Data Platform Engineer - Databricks & Analytics Pipelines

  • Taylor Rose TTKW Limited
  • Peterborough, Cambridgeshire
  • 27/05/2026
Full time Information Technology Telecommunications SQL Python Testing CRM

Job Description

Responsibilities
  • Design, build, and maintain scalable, production grade data pipelines into Databricks.
  • Implement ingestion, transformation, and optimisation patterns using SQL, Spark, and Python.
  • Ensure datasets are performant, reliable, and analytics ready.
  • Lead hands on data mapping from legacy systems into Databricks with downstream implication with Analytics (Tableau) and strong AI use cases (Mulesoft IDP and Data360/Agentforce).
  • Support ingestion and harmonisation of data arising from M&A activity.
  • Analyse acquired datasets and integrate them into the central data platform.
  • Establish and govern testing standards covering functional, regression, integration and UAT testing.
  • Implement data quality checks, validation rules, and monitoring within pipelines.
  • Support governance standards defined by the Data & Analytics Manager.
  • Ensure high quality documentation and data governance.
  • Work with internal and external teams, using Agile delivery and Project Management tools such as Jira/Confluence/Miro.
Requirements
  • Commercial experience as a Data Engineer in a modern data platform.
  • Strong hands on experience with Databricks (or equivalent cloud data platforms).
  • Experience mapping and migrating data from legacy systems.
  • Solid understanding of data modelling and transformation.
  • Experience supporting analytics tools such as Tableau.
  • Desirable: Experience with Salesforce Data Cloud (Data 360) or CRM data models.
  • Desirable: Exposure to AI ready data platforms or automation use cases.
  • Desirable: Experience working within a Centre of Excellence or multi team environment.
Success Measures
  • Reliability of data pipelines (uptime, successful run rates).
  • Time taken to onboard new data sources.
  • Reduction in downstream data issues and rework.
  • Adoption of engineered datasets by analytics and AI use cases.
  • Quality and clarity of data documentation and mappings.
Core Values
  • Aspire: Challenge convention, be entrepreneurial with energy for change.
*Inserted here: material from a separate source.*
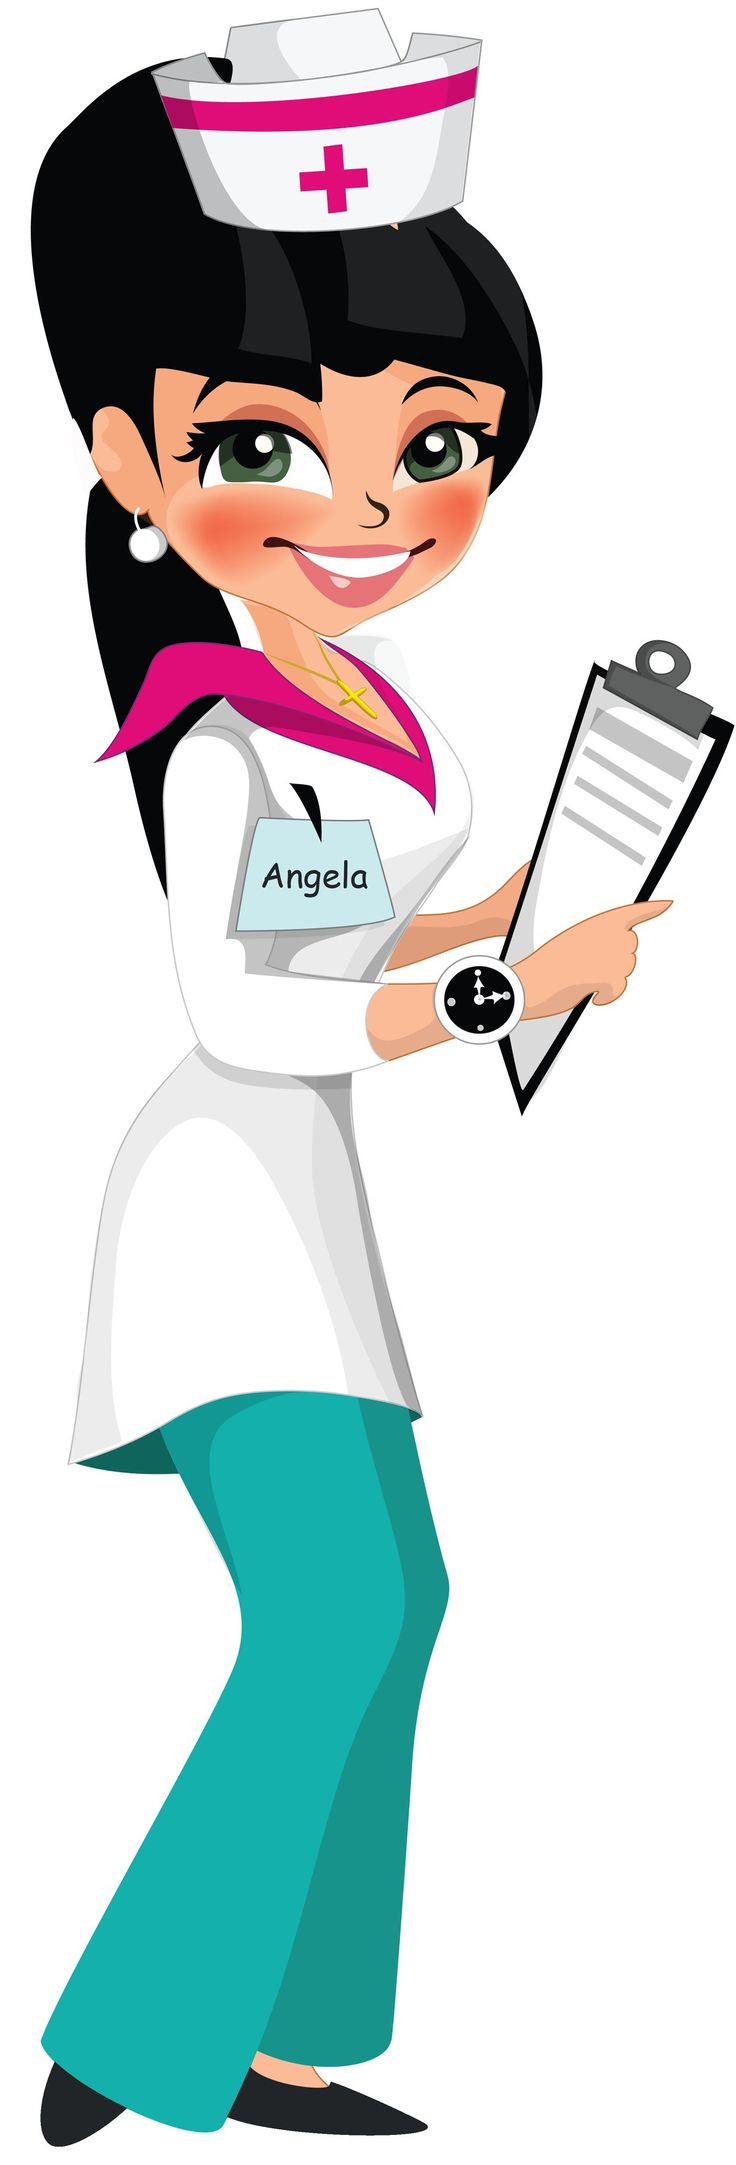 736x2165 15 Best Medical Images Clip Art Images On Hospitals

Be the best we can be.
  • Innovate: Creatively evolve our working practices, use our revenue and resources in a virtuous cycle of improving our people, systems and growth.
  • Integrate: Bring together people and systems into a cohesive force.
  • Commitment: Work with integrity and invest in long term relationships, creating a strong market position and delivering sustained commercial advantage.
Equality and Diversity

This organisation strives to operate a policy of equal opportunity and to not discriminate against any person because of sex, race, colour or national origin.